— DATA SHOWN —
^^^^
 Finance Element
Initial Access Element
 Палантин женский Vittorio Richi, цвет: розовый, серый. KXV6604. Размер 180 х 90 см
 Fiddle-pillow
^^^^
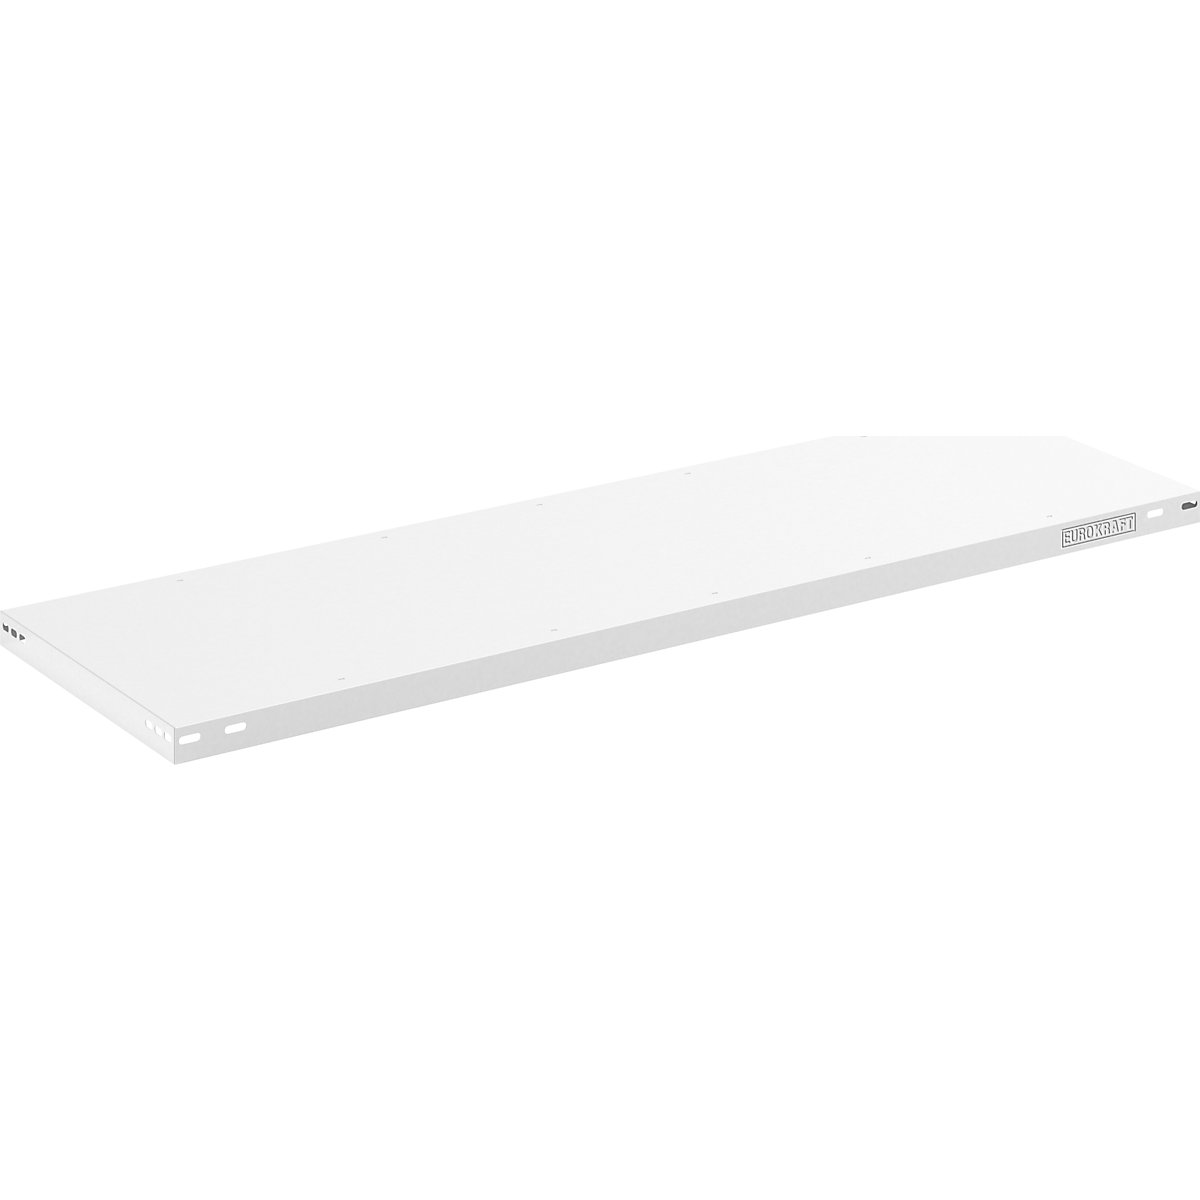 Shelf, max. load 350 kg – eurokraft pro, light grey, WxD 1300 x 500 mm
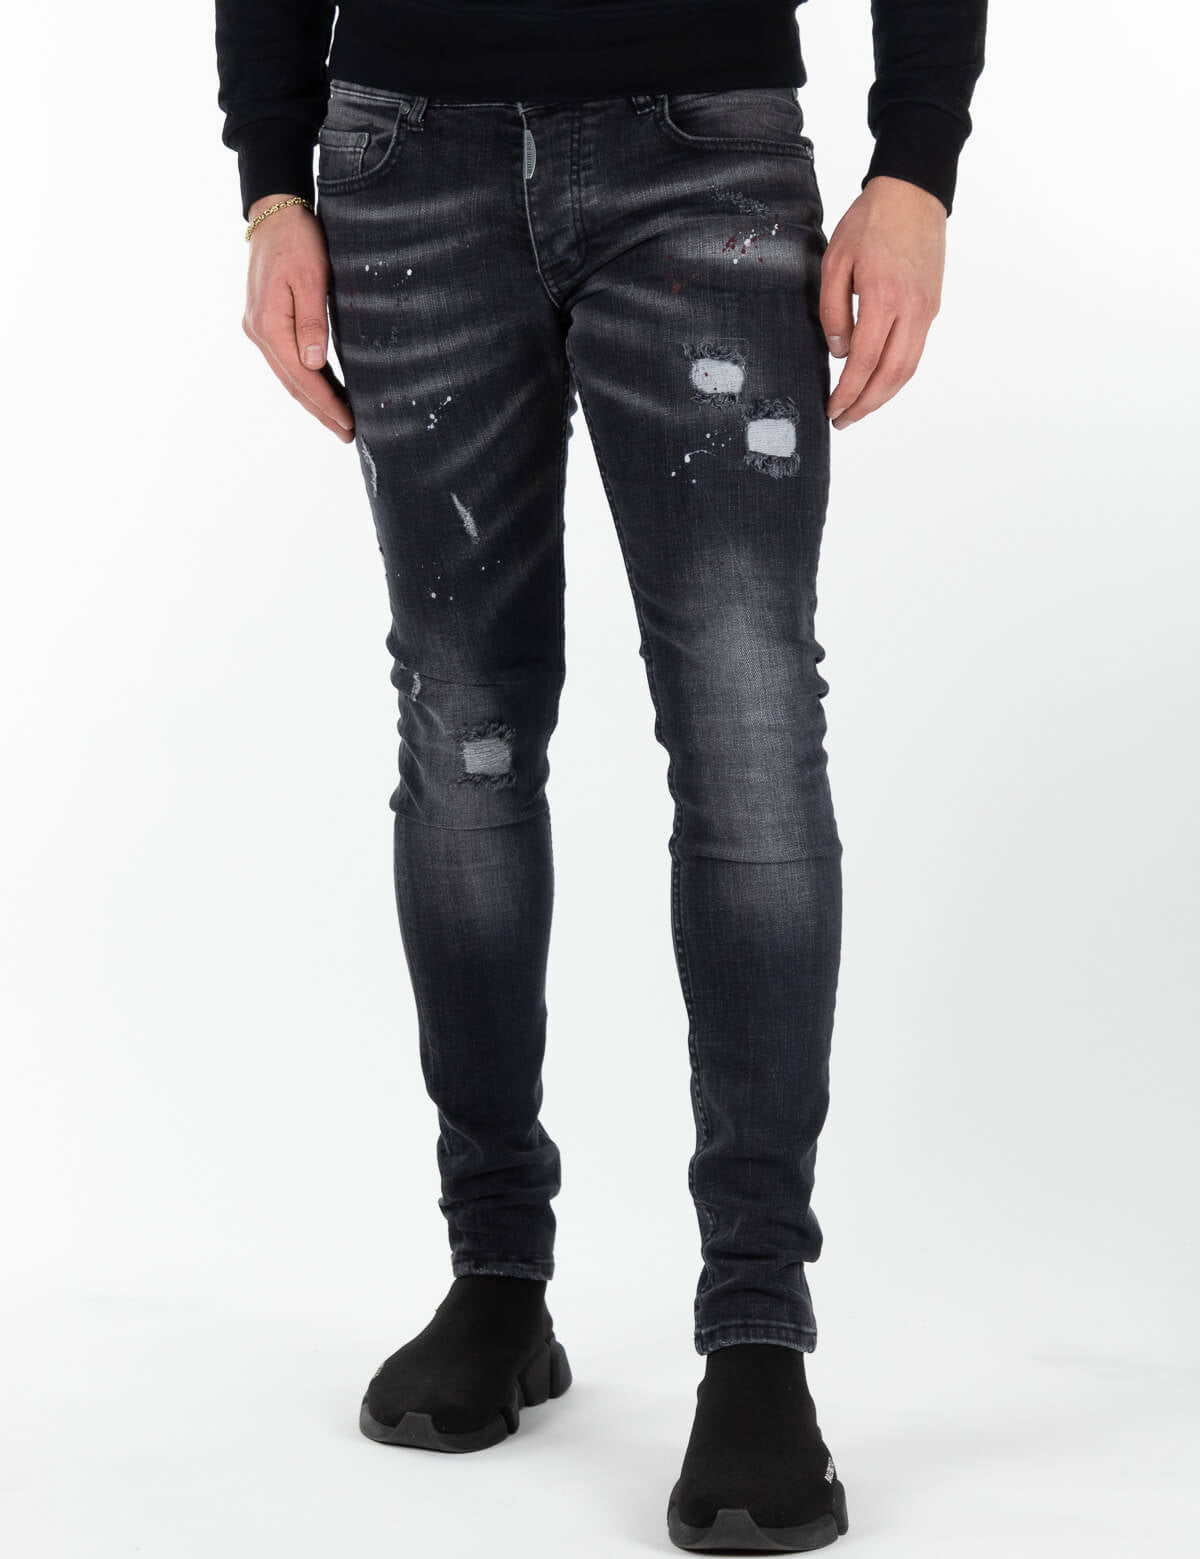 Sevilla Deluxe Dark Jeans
^^^^
— WHAT IS BEING ASKED —
Count the lines of the material holding "Element". Report the number alone.

— FINISHED EXERCISE —
2